[Given material — start]

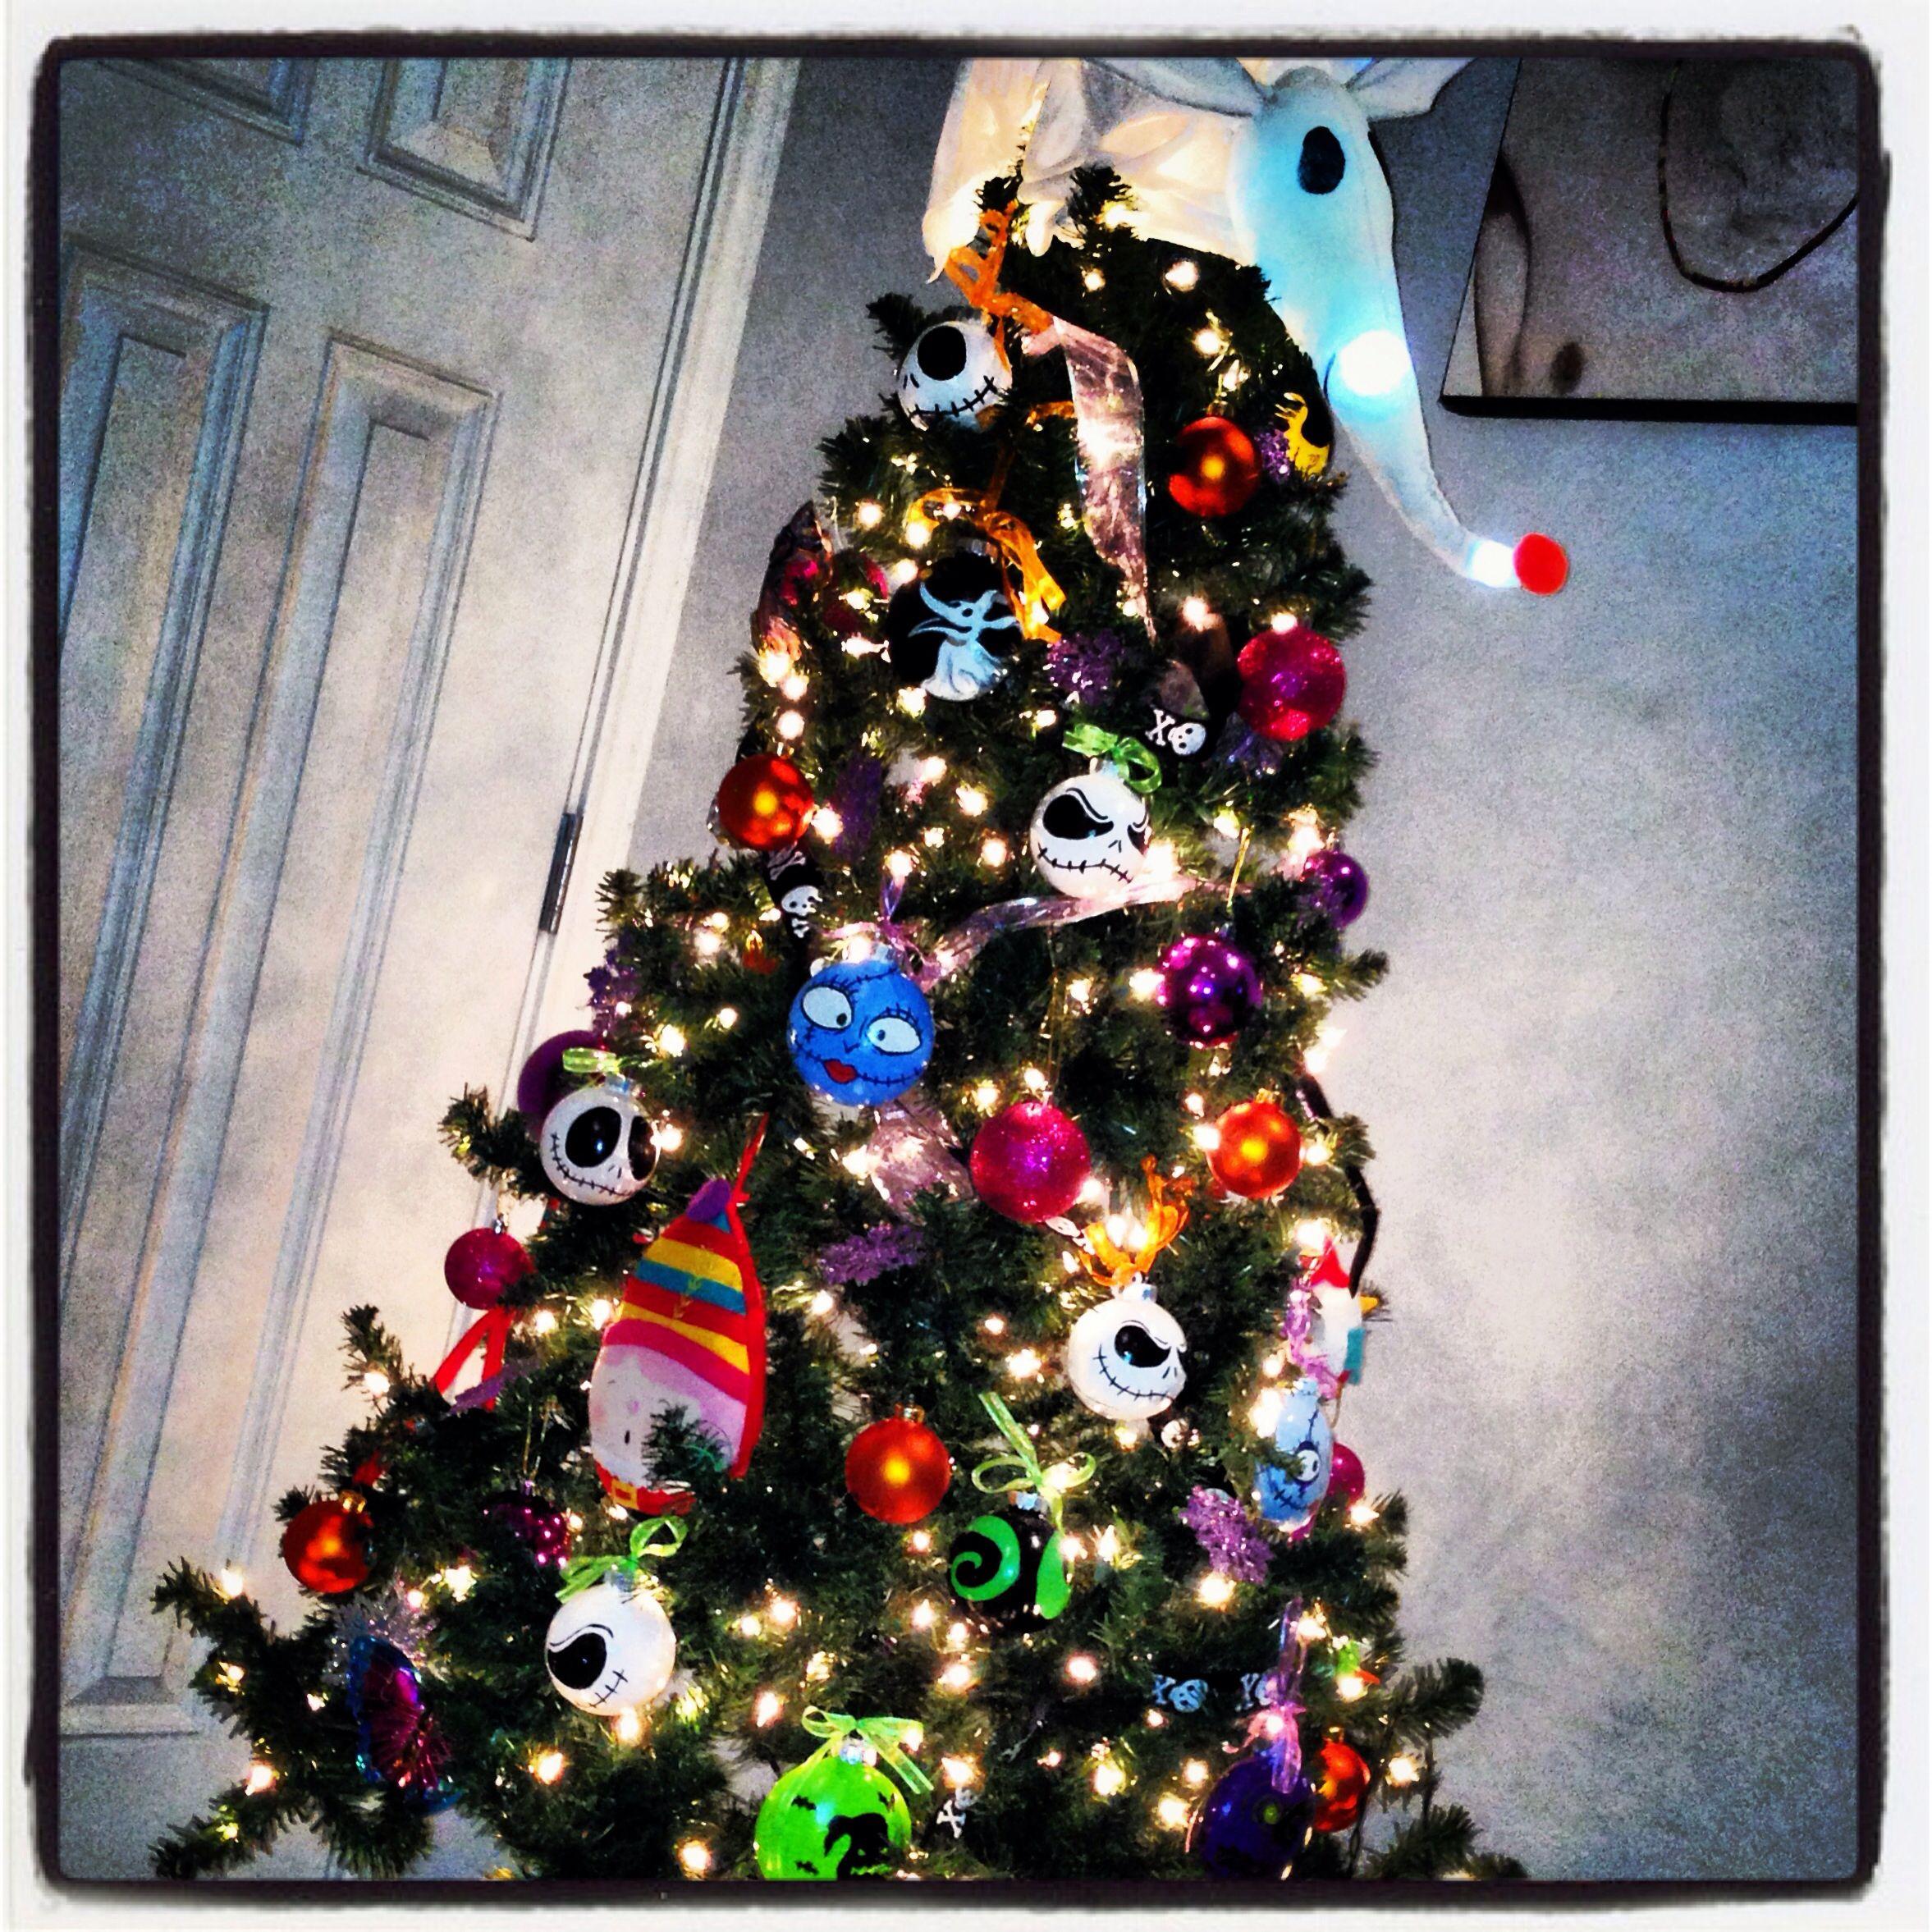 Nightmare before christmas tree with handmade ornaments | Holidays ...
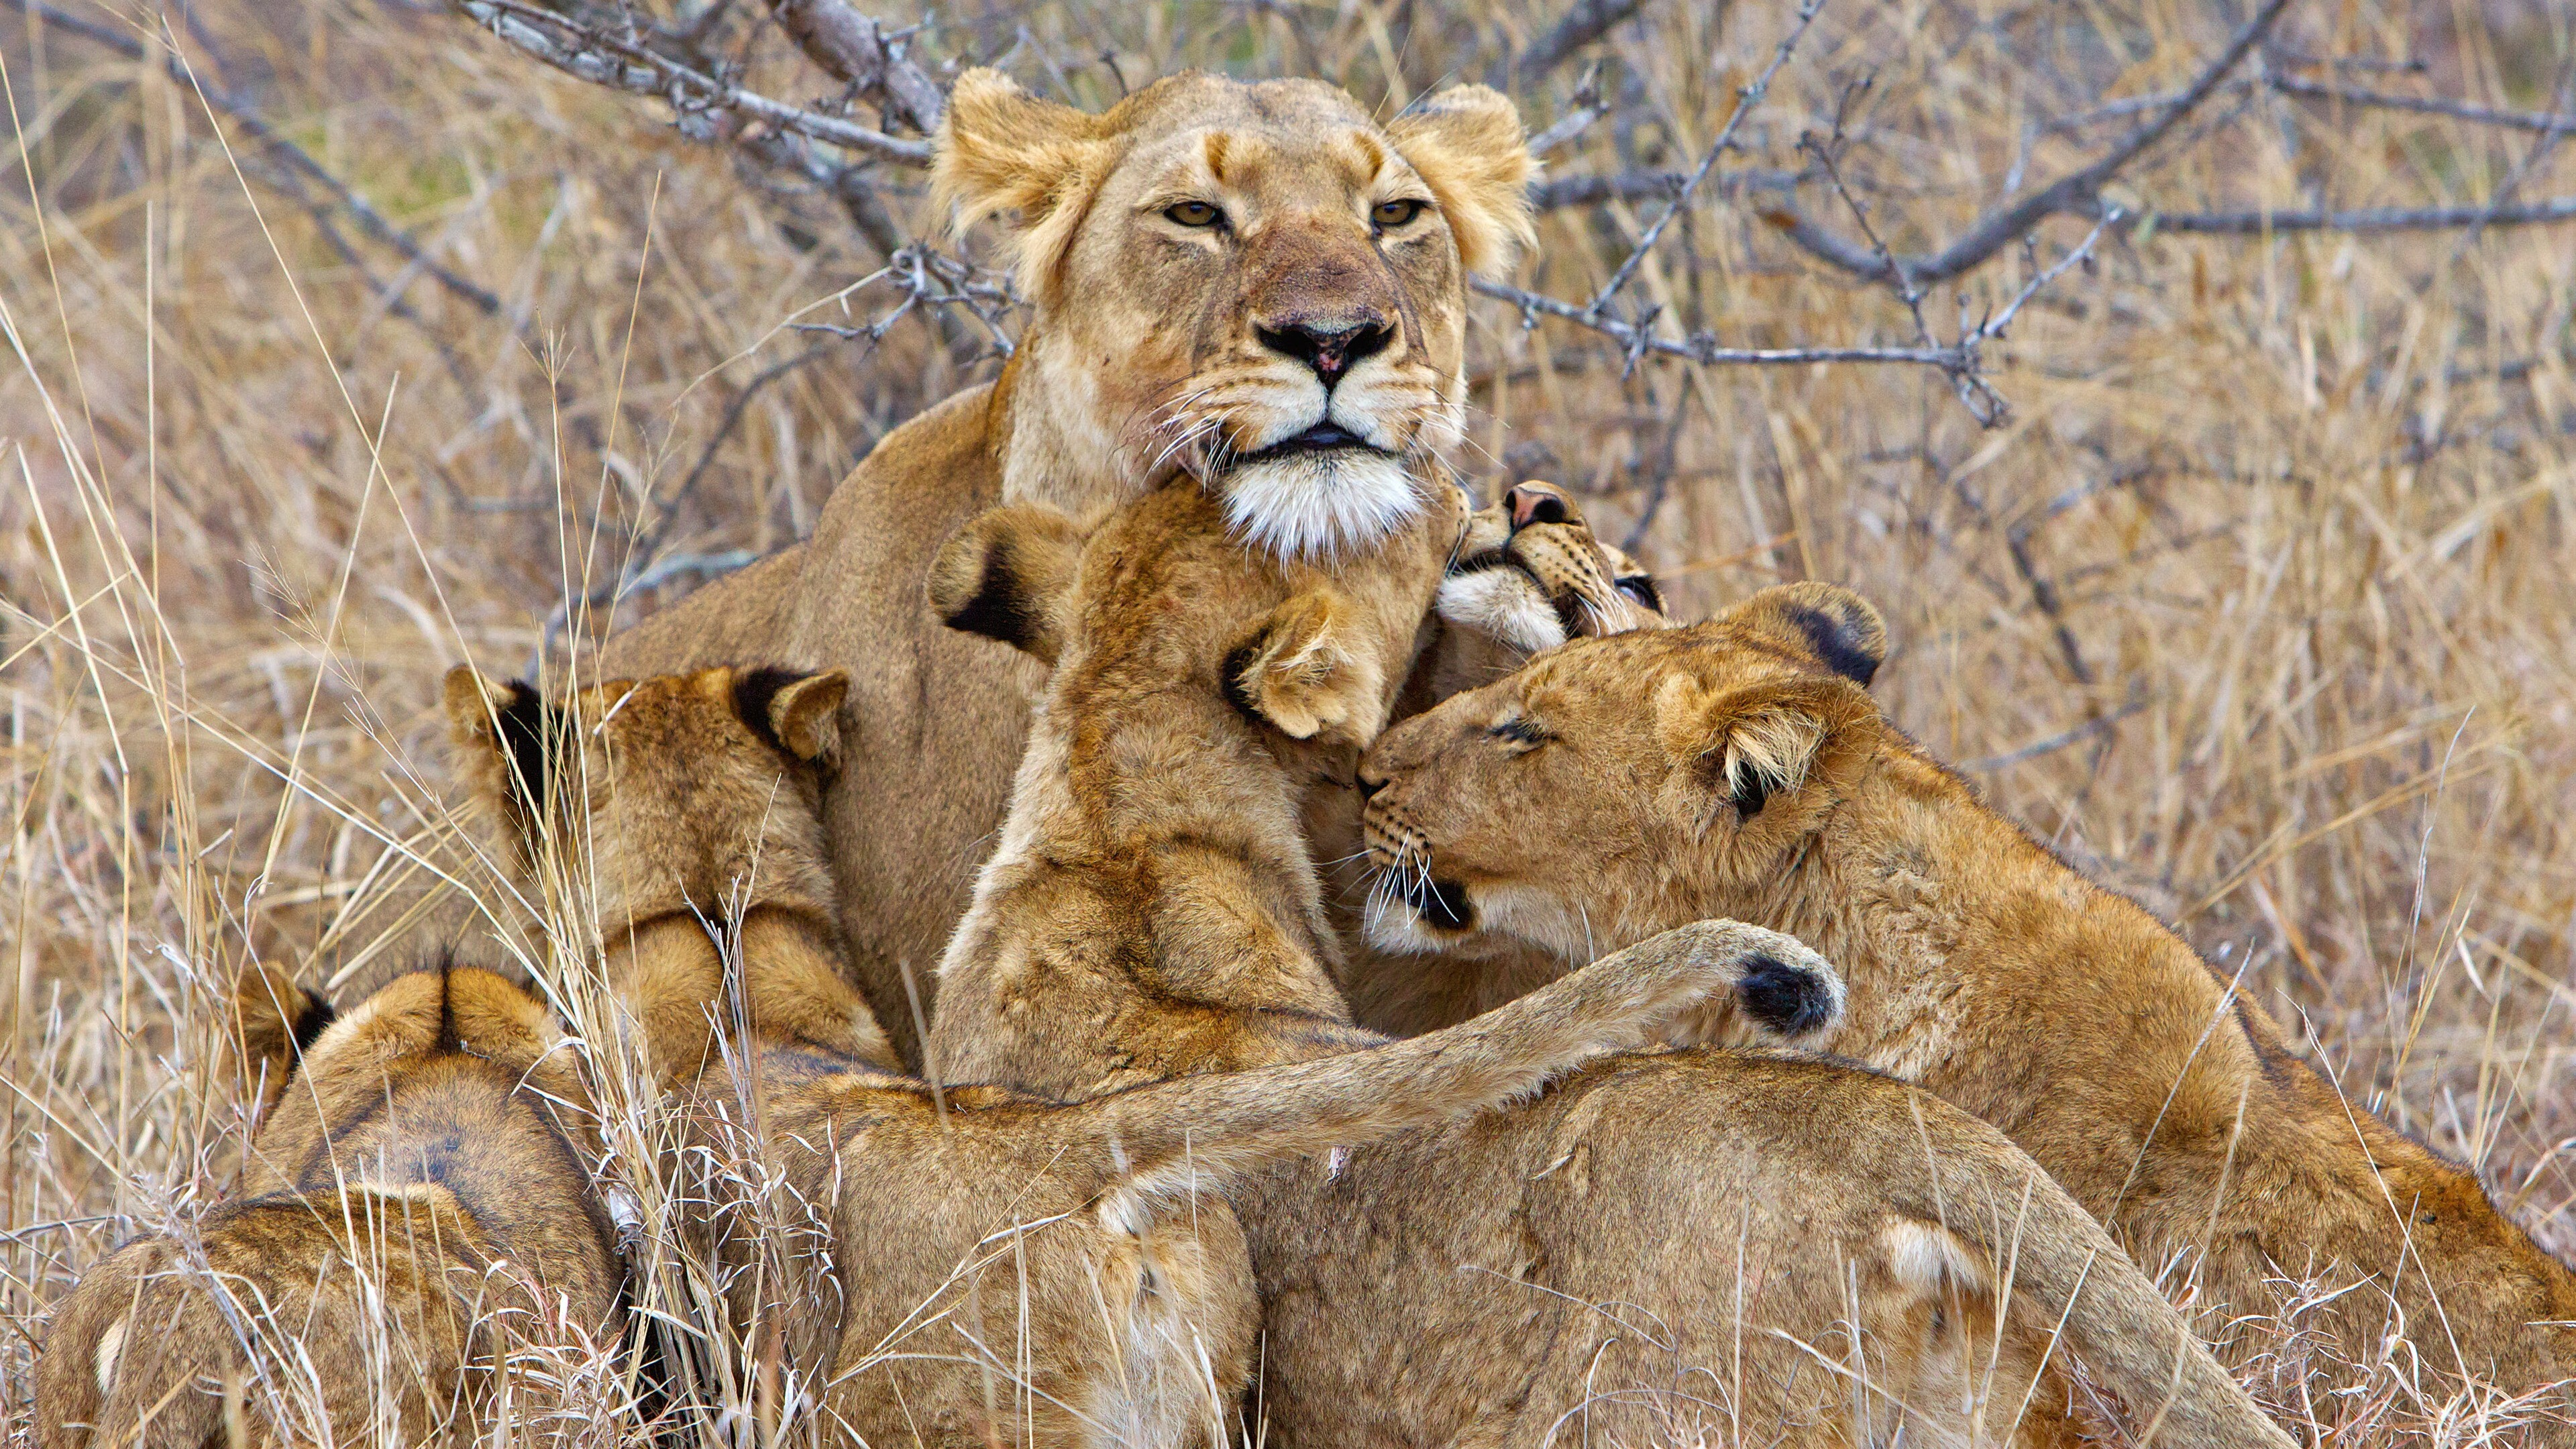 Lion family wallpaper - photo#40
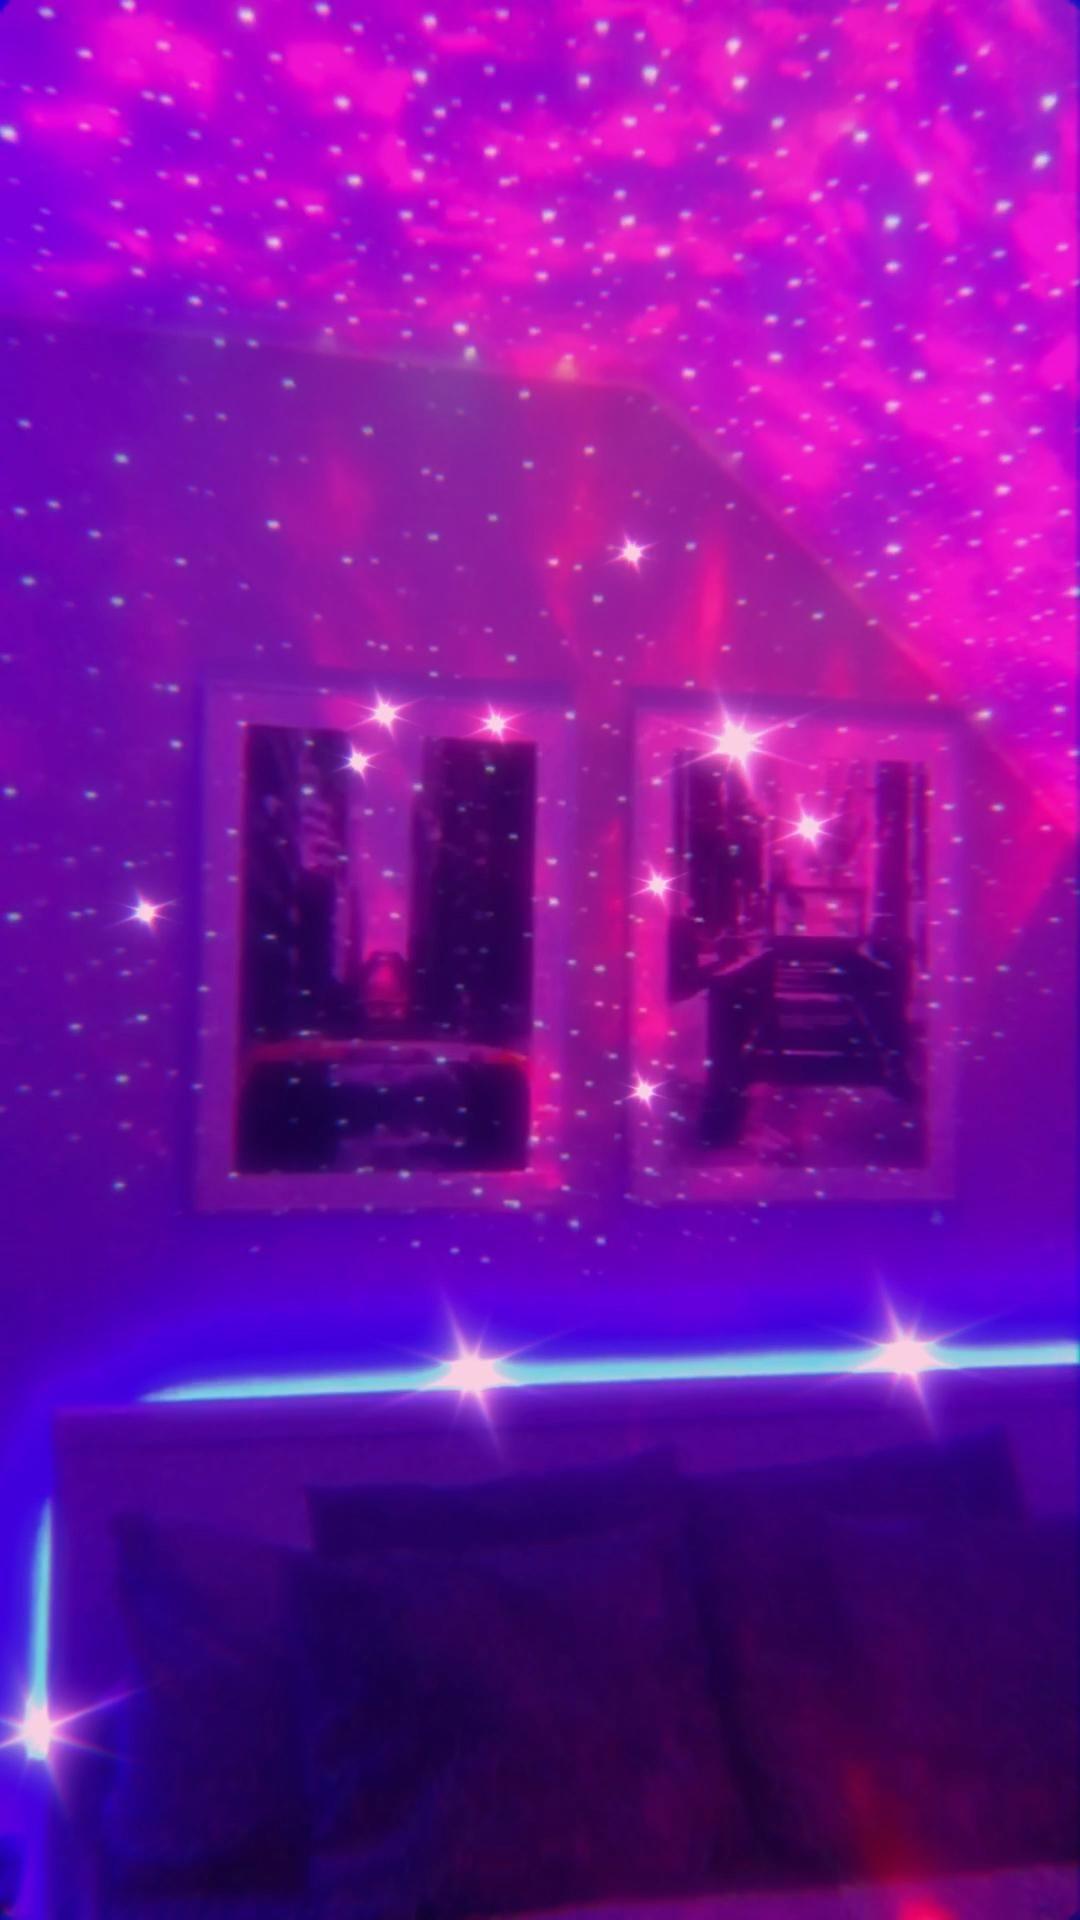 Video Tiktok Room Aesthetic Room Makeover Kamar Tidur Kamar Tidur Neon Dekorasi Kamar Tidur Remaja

[Given material — finish]

- _What the task asks_:
Could you set down the material above word for word while dropping its pictures?

- _Expected answer_:
 Nightmare before christmas tree with handmade ornaments | Holidays ...
 Lion family wallpaper - photo#40
 Video Tiktok Room Aesthetic Room Makeover Kamar Tidur Kamar Tidur Neon Dekorasi Kamar Tidur Remaja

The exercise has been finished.